Beth had managed to manoeuvre a way out of her corner. But could she be trusted? Ellen asked herself. She did not really want to know. She was not feeling strong enough for the answer. So she let her sister guide them back to the conversation.
“I suppose we all do. And you especially perhaps. But we love you for it,” she continued with what sounded to Ellen very much like a backhanded compliment. “We wouldn’t have you any other way.”
“Everyone except Frank, you mean,” Ellen said, pausing briefly to let her irritation settle. “Beth, you’re incredibly unfair. Maybe I do expect a lot from people, especially from Frank – he’s my husband, for God’s sake. But I don’t demand anything from him that I wouldn’t expect of myself. Hell, I sacrifice a lot for him as well.”
“Do you?” was all Beth said, leaving the tension of a meaningful lull to fill the silence between them, before she resumed the assault. “Are you sure they’re really sacrifices, what you give him? I mean, have you ever stopped to ask yourself whether he actually wants what you see as your sacrifices?”
“What do you mean?” She felt close to tears, but her sister had no mercy.
Ellen had the feeling Beth had been waiting years for this opportunity to offload all her grudges and jealousies. She was enjoying every moment. But at the same time, her words were carefully wrapped up with such deliberation, they suggested a content that – once fully unfurled before her – might come painfully close to the truth. And it was this more than anything which made Ellen uncomfortably defensive.
“He can’t complain. He does all right,” she insisted. “In fact, he does just about what he wants.”
“Does he? Then why does he feel the need to do things behind your back?” Beth asked. She saw the gaping wound she had left with
her earlier revelation and sprinkled salt over it now with heartless relish. But it must have been an exquisite pain that was written on Ellen’s face, because her sister instantly tried softening the attack, as if she had finally realised she had gone too far and was beginning to regret her hostility. It was as though she wanted to turn the cutting edge away from Ellen as she struck her with the blade of her knife.
But Beth would not have been Beth if she had not taken a double-edged knife with her into combat. Ellen was going to get hurt whichever way she put it.
“Why was there a post mortem anyway?” she asked.
“What do you mean? What are you on about now?”
“Your mother-in-law,” said Beth. “Why did they need to do a post mortem?”

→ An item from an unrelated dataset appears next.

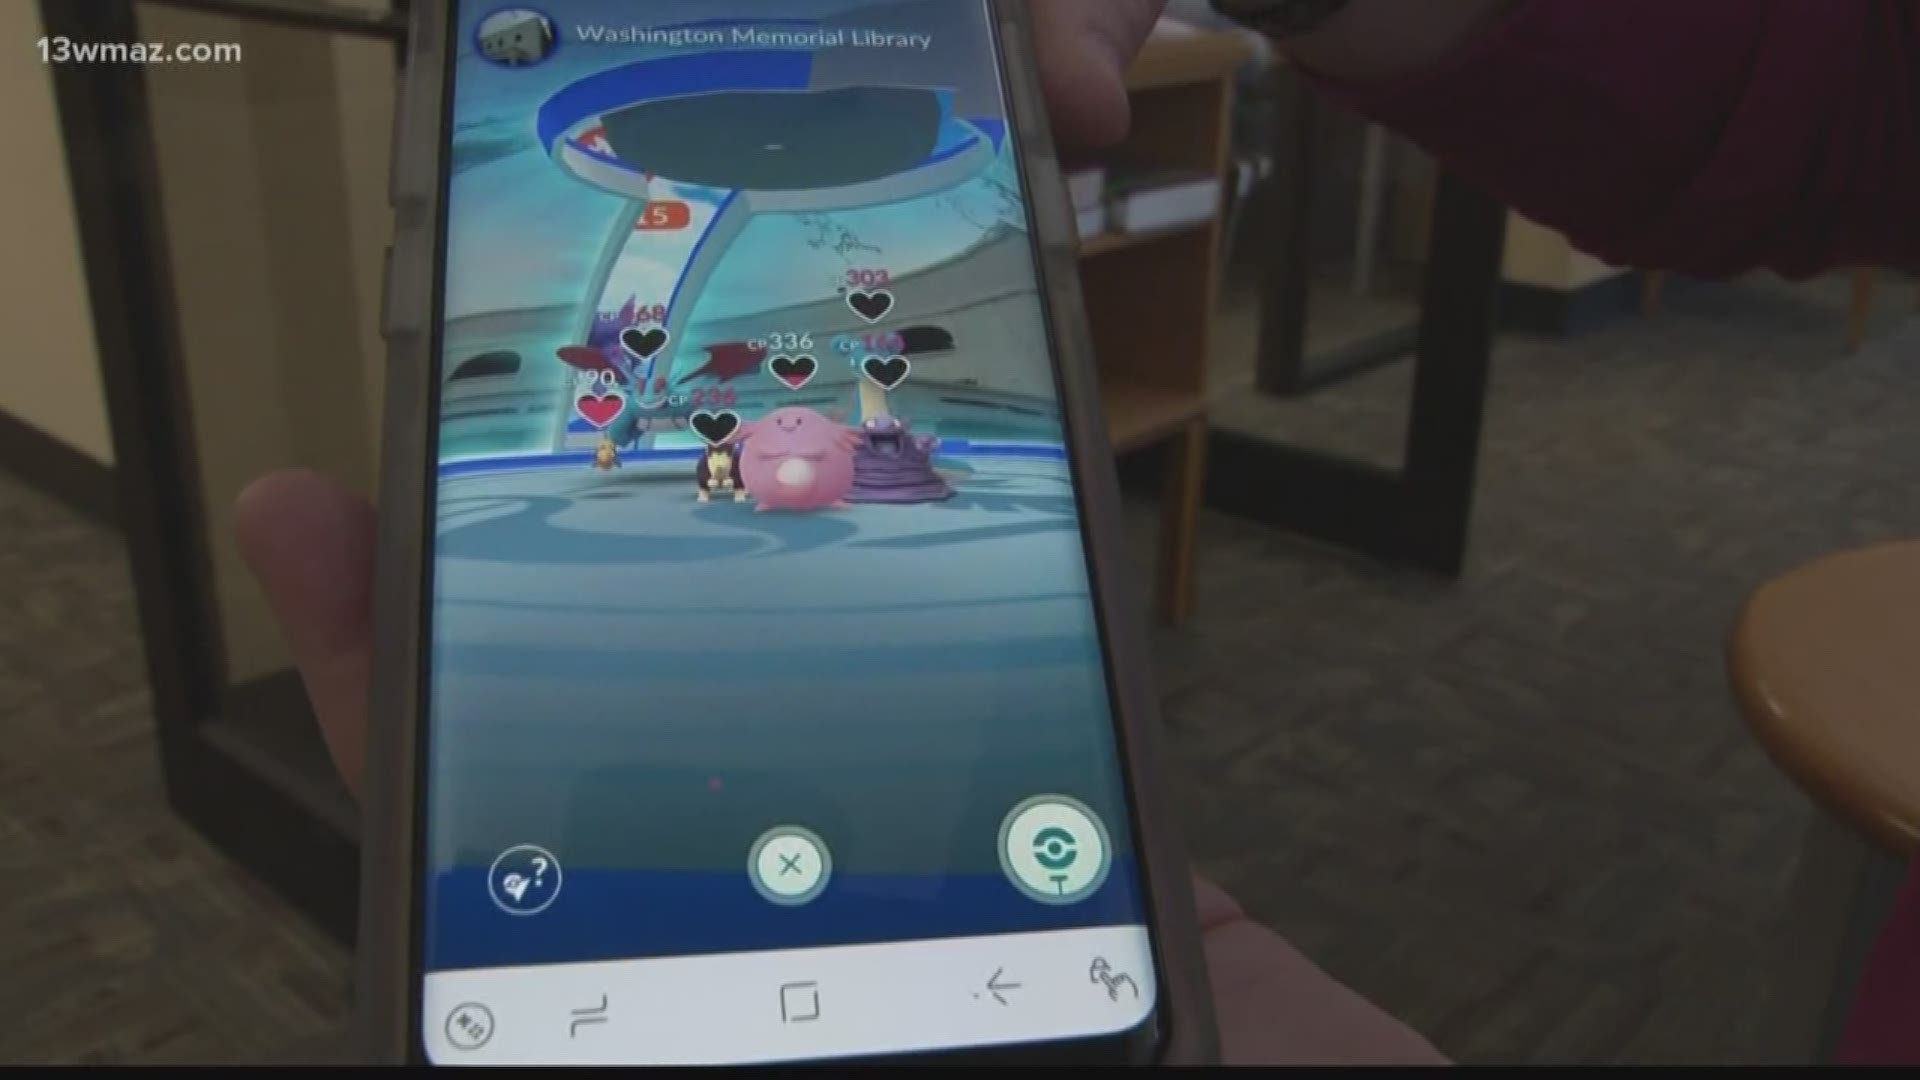 There will be new PokeStops and other in-game surprises at the event aimed at expanding AR

“She was on her own when she died. Lay there for two or three days before she was found. So they had to. It’s the law.”
“You don’t suppose Frank had anything to do with her death, do you?”
“Beth! Don’t be absurd! It was a heart attack.”

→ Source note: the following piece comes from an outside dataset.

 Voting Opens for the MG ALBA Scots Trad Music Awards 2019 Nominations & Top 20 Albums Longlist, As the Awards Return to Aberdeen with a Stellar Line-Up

“Well, it seems a bit odd Frank disappearing like that a couple of weeks later,” said Beth. She paused, as if for effect, then added mysteriously: “Nervous breakdowns make people do very strange things, you know.”
“Who said anything about a nervous breakdown?”
“Well it stands to reason, doesn’t it? How else would you explain his being found on the streets of a foreign city, where he’s carted off to the funny farm?”
“It’s bad enough already, Beth. You don’t have to exaggerate.”
“Well, he was, wasn’t he?” Beth insisted. “You can’t really blame him. He’s probably had enough of living up to your perfectionist standards. Not that you’re a paragon of virtue yourself. I’m still waiting for the return of all my records you pilfered from me.”
“Why are you intent on making me suffer even more than I already am, Beth? Is it some kind of cruel compensation to make up for your marriage to Malcolm?”